To investigate the sgRNA library dynamics in different sample types (plasmid, pre-transplantation cells, early primary tumor, late primary tumor, and lung metastases), we compared the overall distributions of sgRNAs from all samples sequenced. Cell samples tightly clustered with each other and the plasmid, forming a cell-plasmid clade (Figure 2A, Figure S2 E). Early primary tumor samples also clustered with each other and then with the cell-plasmid clade, whereas late tumors and lung metastases clustered together in a distinct group (Figure 2A, Figure S2 E). The overlap of detected sgRNAs between different pre-transplantation infection replicates is over 95% (Figure S3 A). The detected sgRNAs in the three infection replicates of early tumor samples overlap 63 – 76% with each other (Figure S3 B). Early primary tumors retained less than half (32 – 49%) of the sgRNAs found in the transplanted cell populations (Figure 2B–C, Figure S3 C–D).

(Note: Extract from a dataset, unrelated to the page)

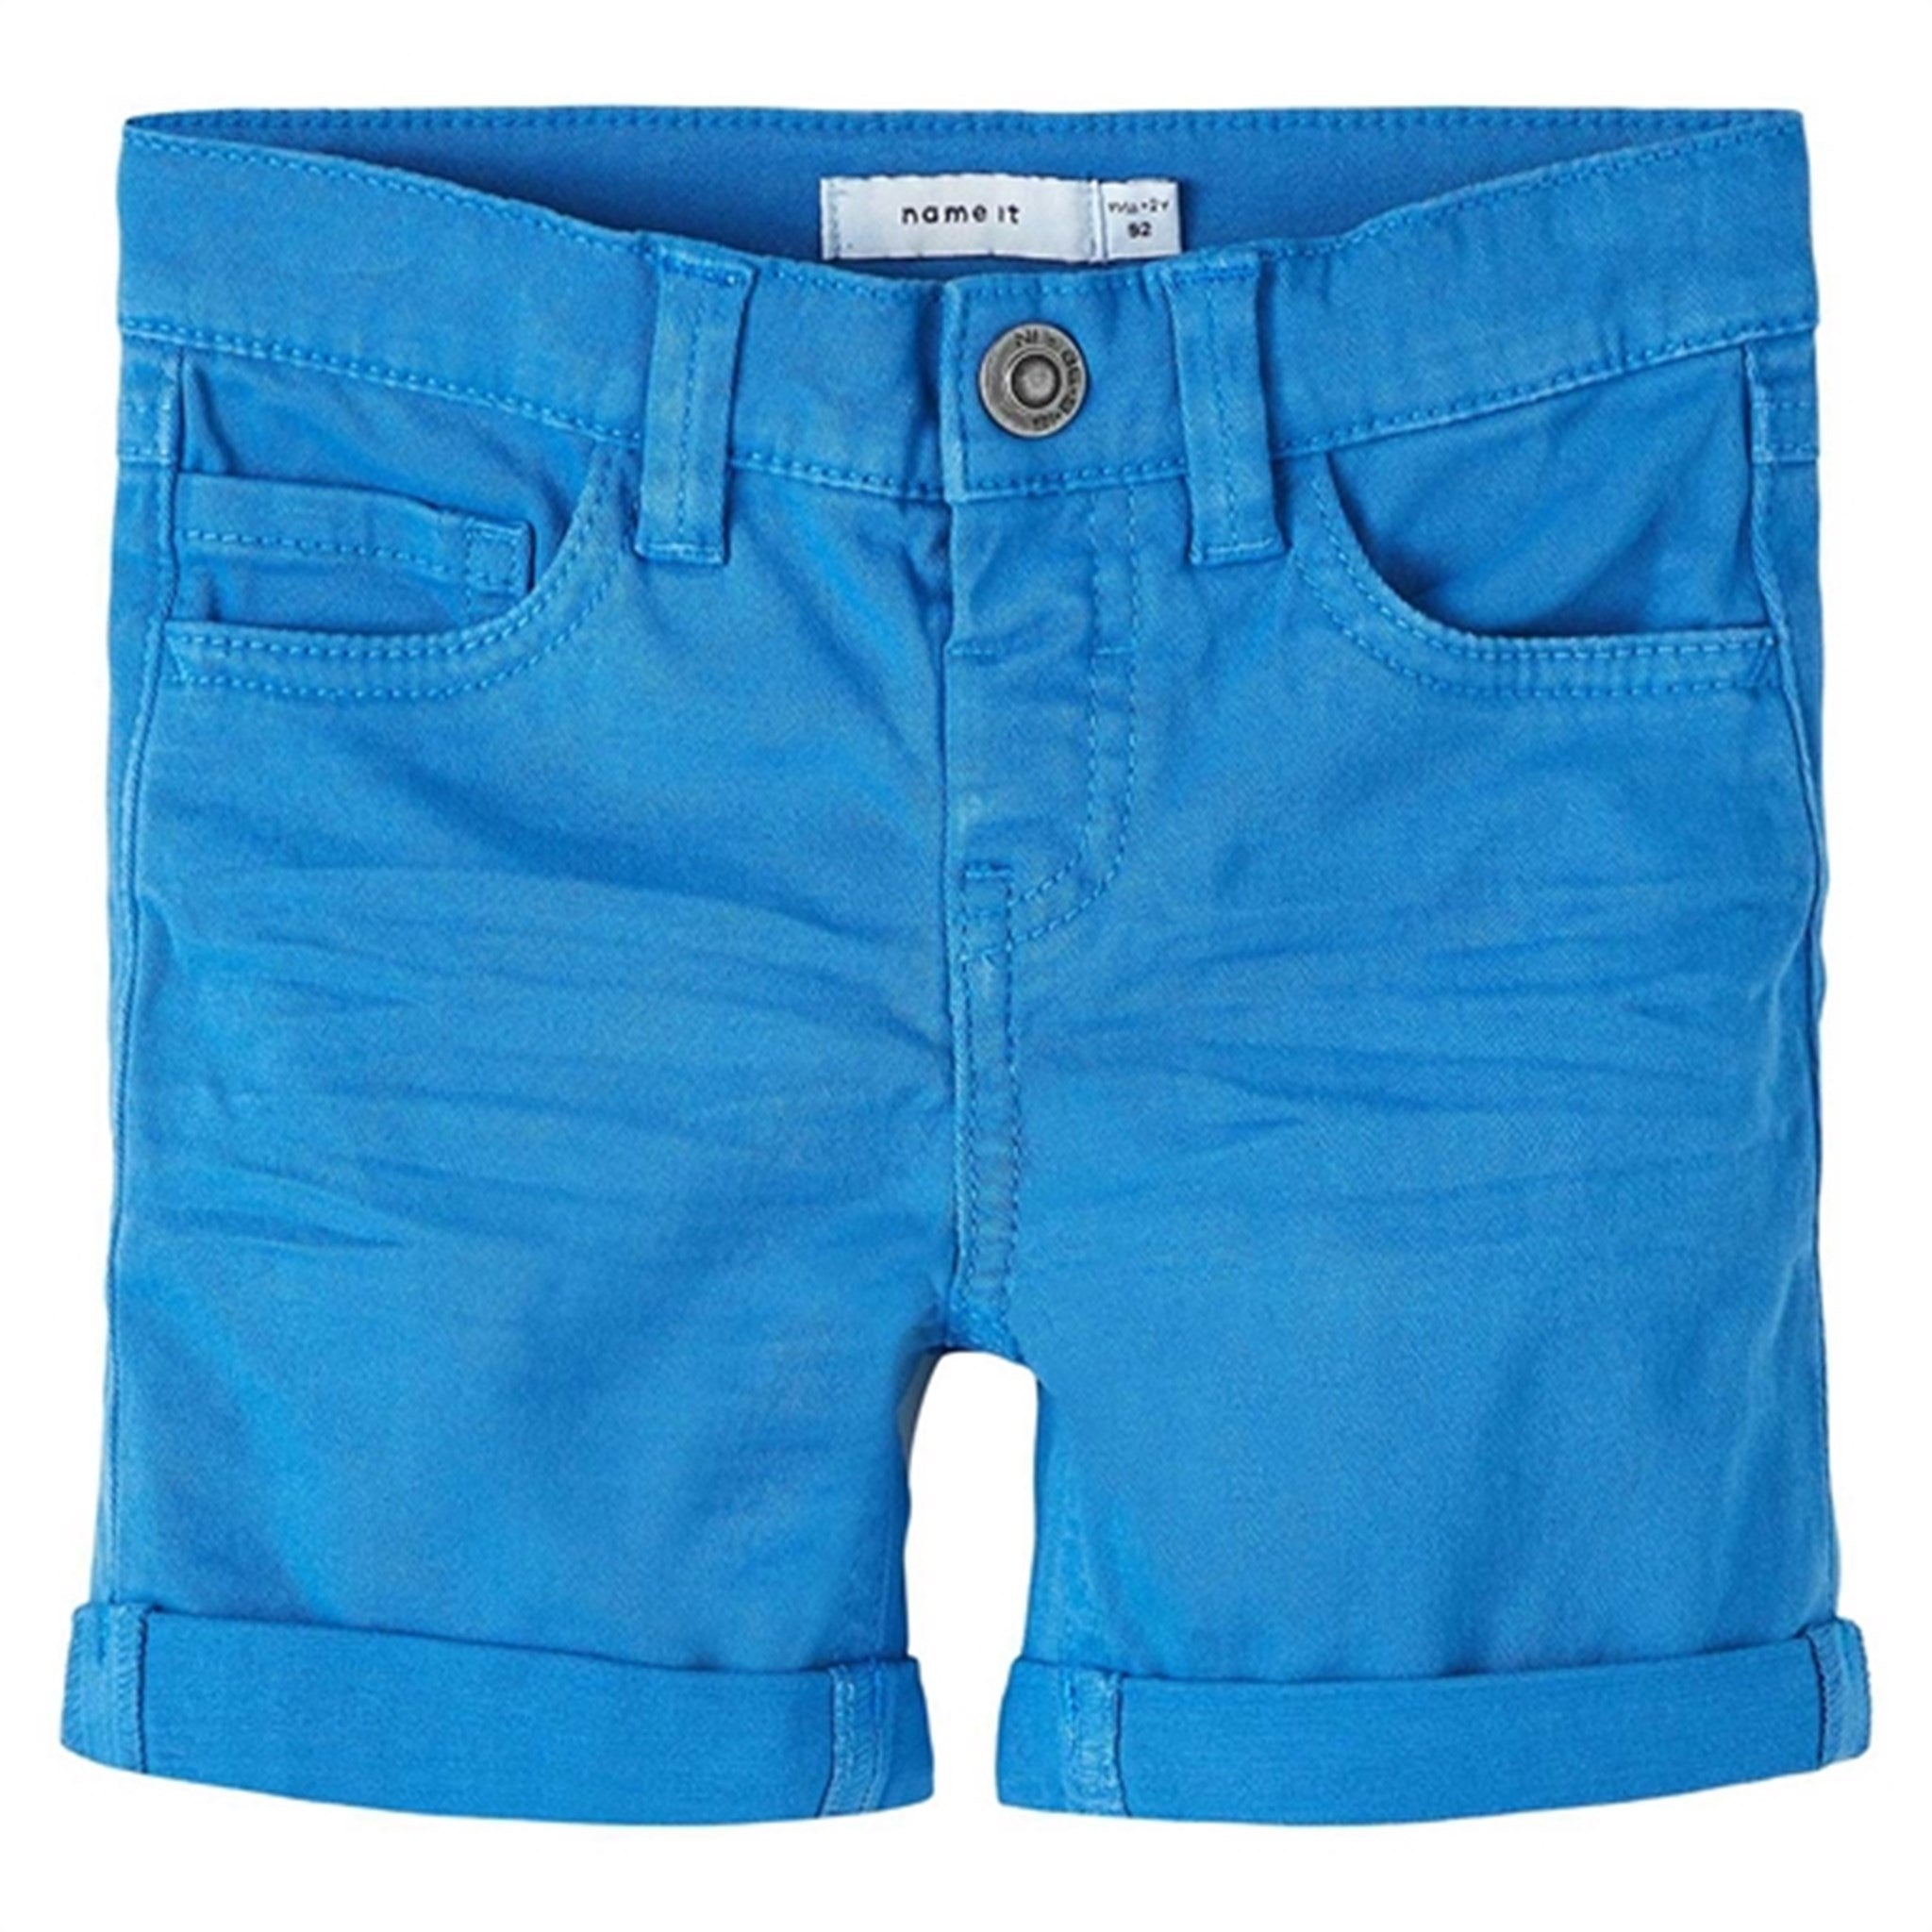 Name it French Blue Sofus Twill Shorts

Compared to the cell populations, sgRNAs whose targets are genes involved in fundamental cellular processes are further depleted in early tumors (Table S1).

Interestingly, only a small fraction of sgRNAs (less than 4% of all sgRNAs, or less than 8% of sgRNAs in the early primary tumor of the corresponding replicate) were detected in the late stage primary tumor samples (Figure 2B–C, Figure S3 C–D). The sgRNA diversity (i.e. number of different sgRNAs detected) further decreased in samples from lung metastases (Figure 2B–C, Figure S3 C–D). The lung samples retained ≤ 0.4% of all sgRNAs in the mGeCKOa library, or ≤ 1.1% of sgRNAs found in the early primary tumor of the corresponding replicate, with a subset of highly enriched sgRNAs (Figure 2B–C, Figure S3 C–D). The global patterns of sgRNA distributions in different sample types are distinct, as is evident in the strong shifts in the respective cumulative distribution functions (Kolmogorov-Smirnov (KS) test, p < 10−15 for all pairwise comparisons) (Figure 2D).

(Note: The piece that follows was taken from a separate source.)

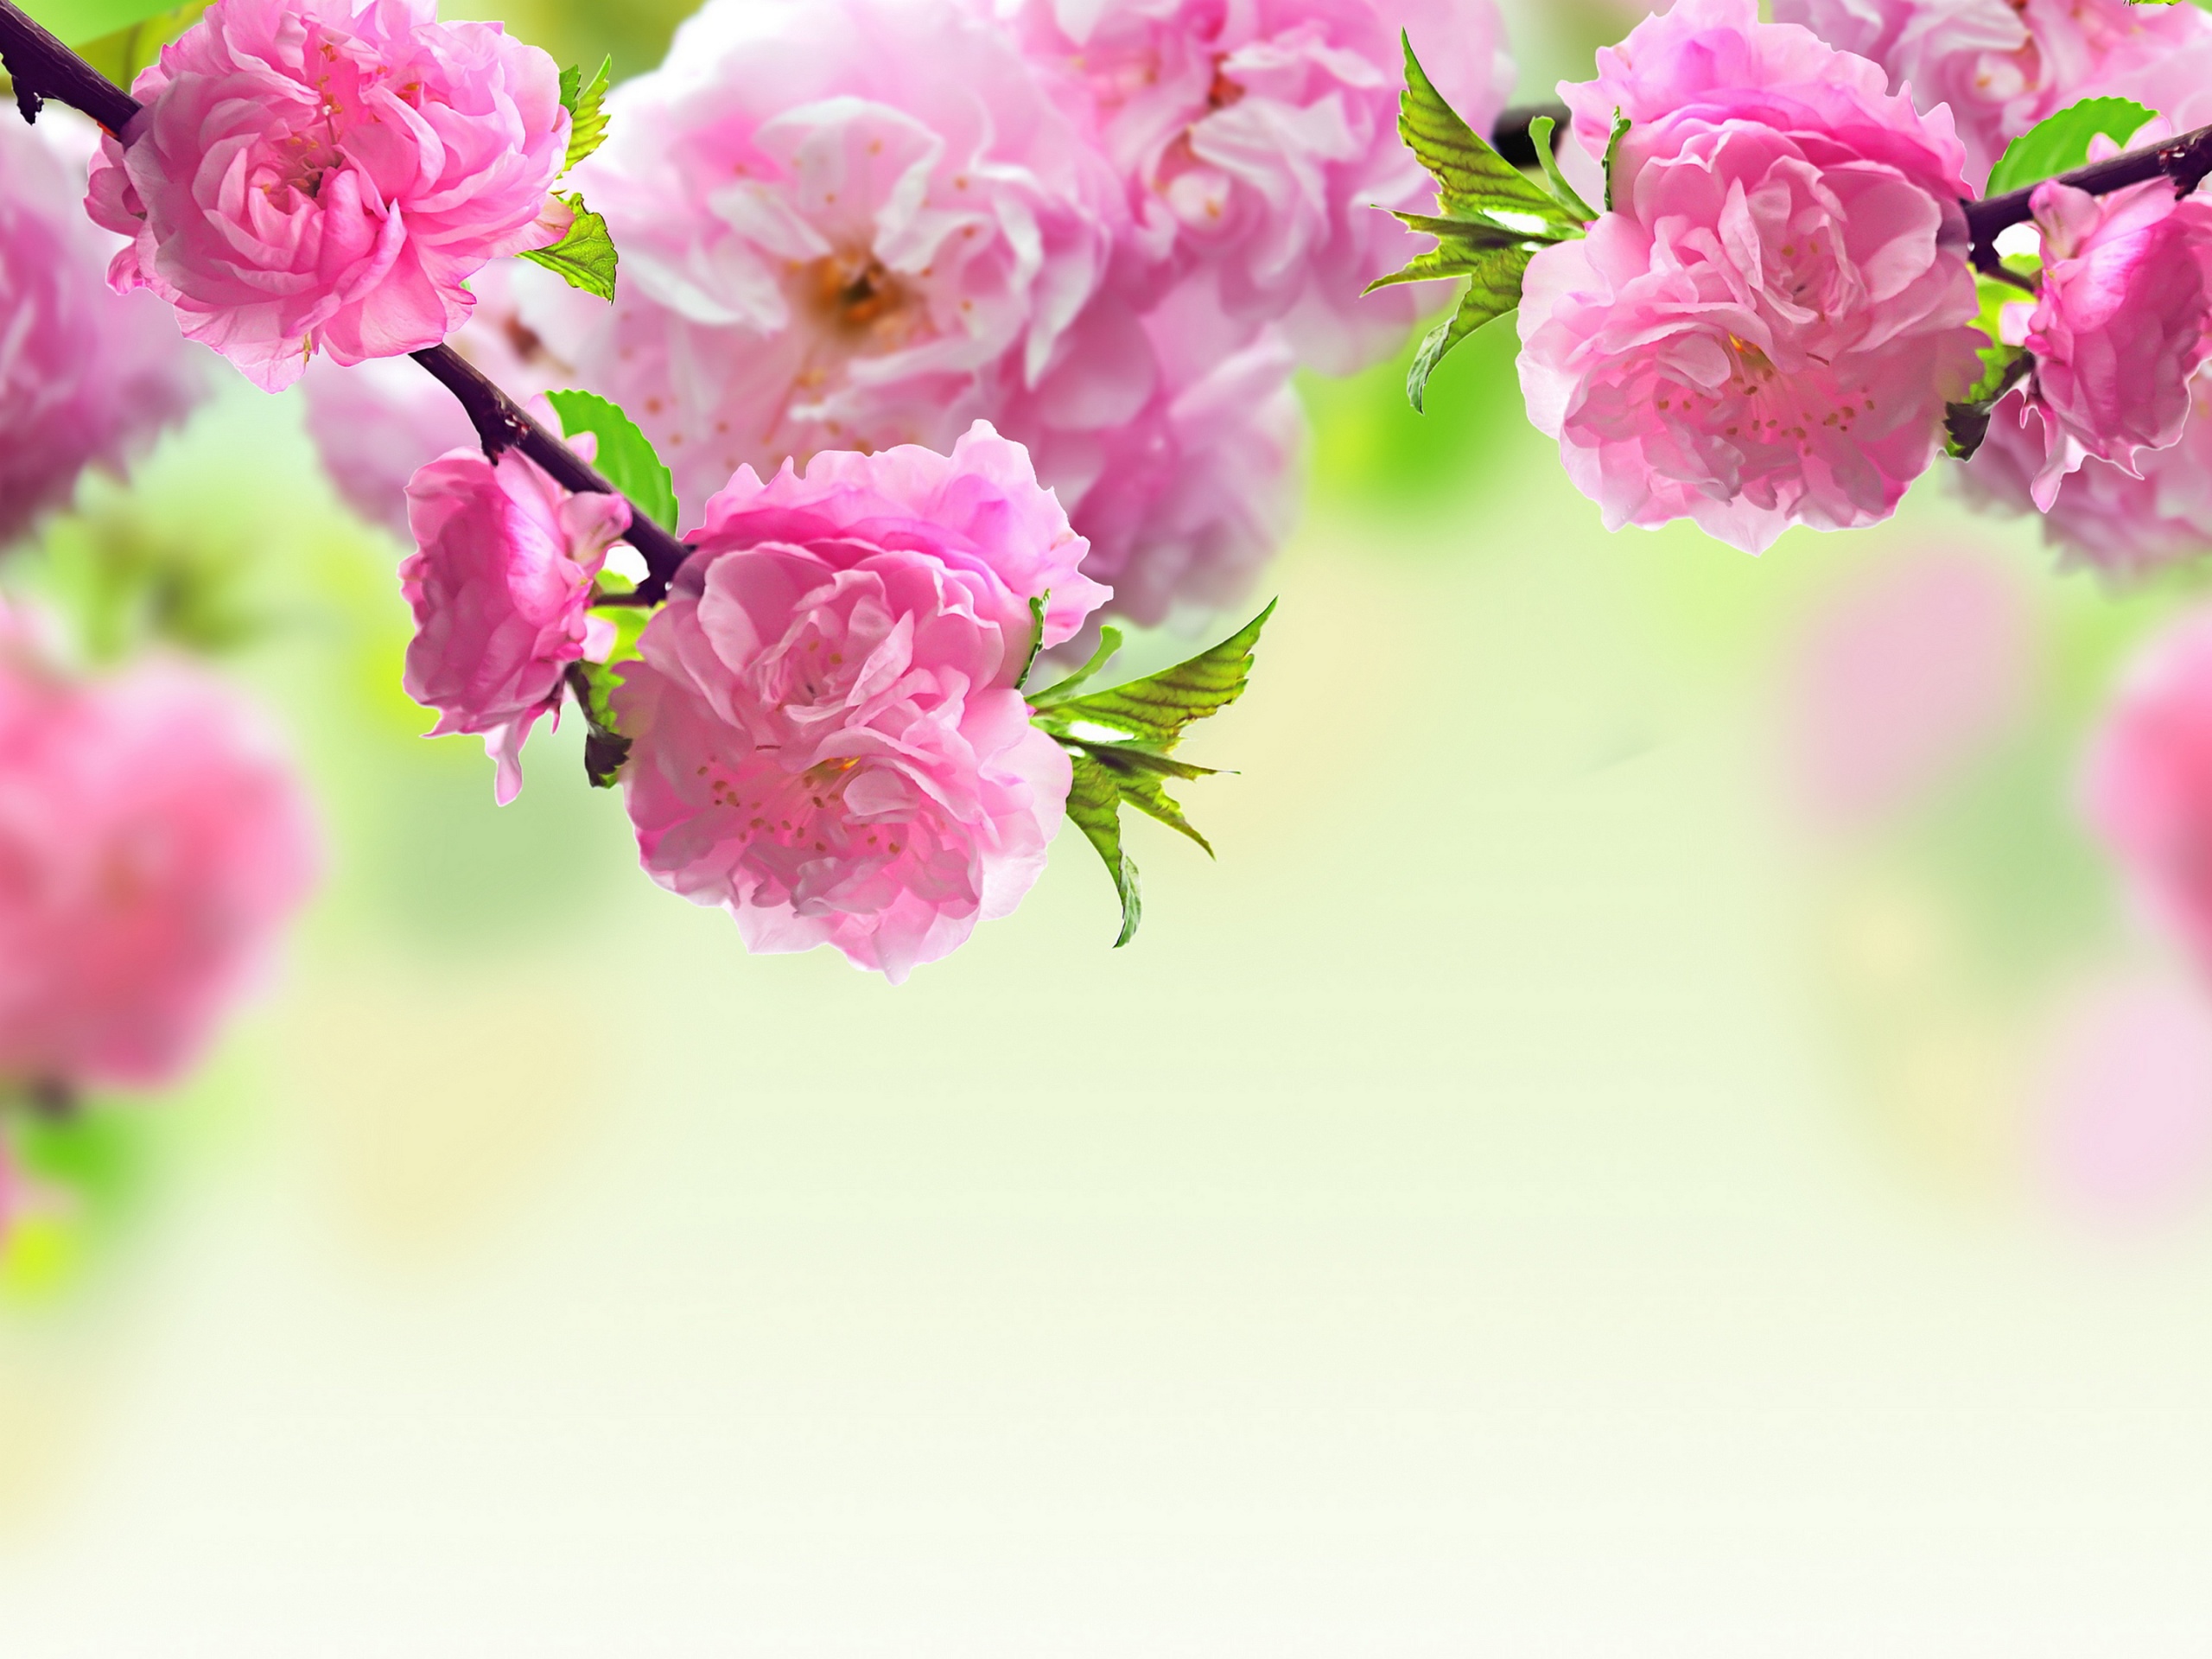 Mothers day backgrounds

Enriched sgRNAs in primary tumors

Late primary tumors retain few sgRNAs (on average 813 ± 264 sgRNAs, n = 9 mice), with even fewer at high frequencies (4 ± 1 sgRNAs with > 5% of total reads) in each mouse (Figure 2B–C, Figure S2 C–D, Figure 3A, Figure S4 H). We used three methods to identify enriched sgRNAs in the late primary tumor: (1) sgRNAs above a certain threshold, (2) top ranked sgRNAs in the tumor of each mouse, and (3) using the false discovery rate (FDR), i.e. sgRNAs enriched compared to the distribution of the 1,000 non-targeting sgRNAs. All three methods generated similar results (Figure S4 A). Taking the results from (3) as an example, a total of 935 sgRNAs (targeting 909 genes) are enriched over the non-targeting controls (FDR cutoff = 0.2%) in the late primary tumor of one or more mice (Figure 3B–C). These sgRNAs are targeting genes highly enriched in apoptosis pathways (Table S2), with many of them being pro-apoptotic, such as BH3 interacting-domain death agonist (Bid), Phosphatase and Tensin Homolog (Pten), Cyclin-dependent kinase inhibitor 2a (Cdkn2a), and O-6-Methylguanine-DNA Methyltransferase (Mgmt), suggesting strong selection for mutations that inactivate apoptosis in primary tumor cells.

Figure 3.

Figure 3

(A) Pie charts of the most abundant sgRNAs in the primary tumors (at ~6 weeks post-transplantation) of three representative mice (one from each replicate mGeCKOa infection). The area for each sgRNA corresponds to the fraction of total reads from the primary tumor for the sgRNA. All sgRNAs with ≥ 2% of total reads are plotted individually.

(B) Number of genes with 0, 1, 2 or 3 significantly enriched (FDR < 0.2% for at least one mouse) mGeCKOa sgRNAs targeting that gene. For genes/miRs with 2 or more enriched sgRNAs, genes/miRs are categorized by how many sgRNAs targeting that gene/miRs are enriched as indicated in the colored bubbles adjacent to each bar.

(C) Inset: Waterfall plot of sgRNAs where multiple sgRNAs targeting the same gene are significantly enriched in primary tumors. Each sgRNA is ranked by the percent of mice in which it is enriched. Only sgRNAs enriched in 2 or more mice are shown in the main panel. Main panel: Enlargement and gene labels for sgRNAs at the top of the list from the inset (boxed region).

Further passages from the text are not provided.